Don't forget rotation - deleting old backups. Otherwise your disk fills up in a couple of weeks:

# Delete backups older than 7 days
0 6 * * * find /home/minecraft/backups/ -name "*.tar.gz" -mtime +7 -delete

Full backup strategy: Minecraft server backups.

Protecting Your Server

The moment your server goes public, it becomes a target. DDoS attacks on Minecraft servers are common. Someone lost in PvP, someone got banned, someone is just bored. Stressers cost pennies, and the barrier to entry for attackers is nearly zero.

Basic steps:

  1. Don't expose your real server IP unnecessarily. Once it's out there, you can't un-expose it.
  2. Configure your firewall - open only the ports you need. SSH (22), Minecraft (25565), and nothing else.
  3. Disable query in server.properties (enable-query=false) unless you use monitoring tools that need it.
  4. Install fail2ban to protect SSH from brute force attacks.
  5. If your server is public with 20+ players, consider DDoS protection. MineGuard filters attacks at the network level without adding latency for legitimate players.

Want to understand how game server DDoS protection actually works? There's a detailed explanation. For attack types and the difference between TCP and UDP floods: TCP vs UDP attacks comparison.

For proxy-based protection and hiding your backend IP, read about Velocity/BungeeCord proxy architecture.

Common Issues

"Can't connect to server" - check: 1) server is running, 2) port is forwarded, 3) firewall isn't blocking it, 4) IP is correct. Try connecting via localhost first - if that works, the problem is networking, not the server.

"Outdated server" - client version doesn't match server version. Update one or the other to match.

"Connection timed out" - usually a port forwarding or firewall issue. Test with telnet your_ip 25565 or online port checkers.

Low TPS - use /tps command (Paper). If TPS is below 18, lower view-distance, disable heavy plugins, use Spark to find what's slowing things down.

"Not enough RAM" / OutOfMemoryError - increase -Xmx in your launch script. Or reduce view-distance and the number of loaded worlds.

Server crashes on startup - read the error log. Most often it's an incompatible plugin or wrong Java version. Remove the last installed plugin and try again.

What's Next

Server is running, friends are connected, plugins are installed. Now what?
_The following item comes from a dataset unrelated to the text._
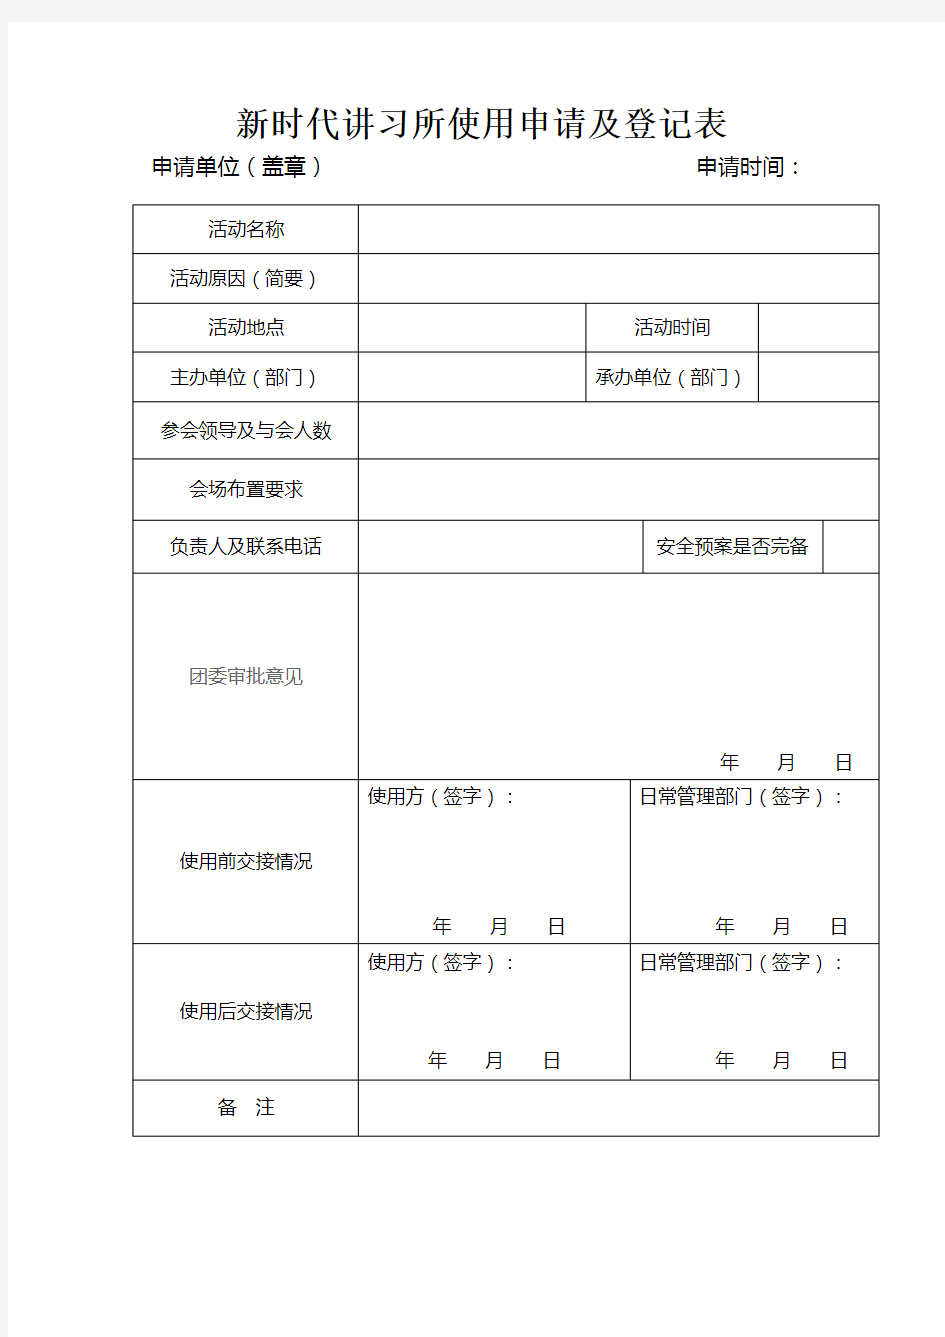 新时代讲习所使用申请及登记表(1)(2)

  • Set up permissions with LuckPerms - create groups (default, vip, moderator, admin) with clear permissions
  • Add plugins for your game mode (minigames, economy, quests)
  • Configure regular backups and verify they actually restore properly
  • Add monitoring - at minimum Spark for performance tracking
  • If the server grows, consider proper hosting instead of running from home
  • For larger projects with multiple servers, look into Velocity and proxy architecture
  • Read the server security checklist to make sure you haven't missed anything

Setting up a Minecraft server isn't hard. Keeping it running well, with good performance and protection against attacks - that's the ongoing challenge. But it starts with having a server that's actually up and running, and now you've got that covered.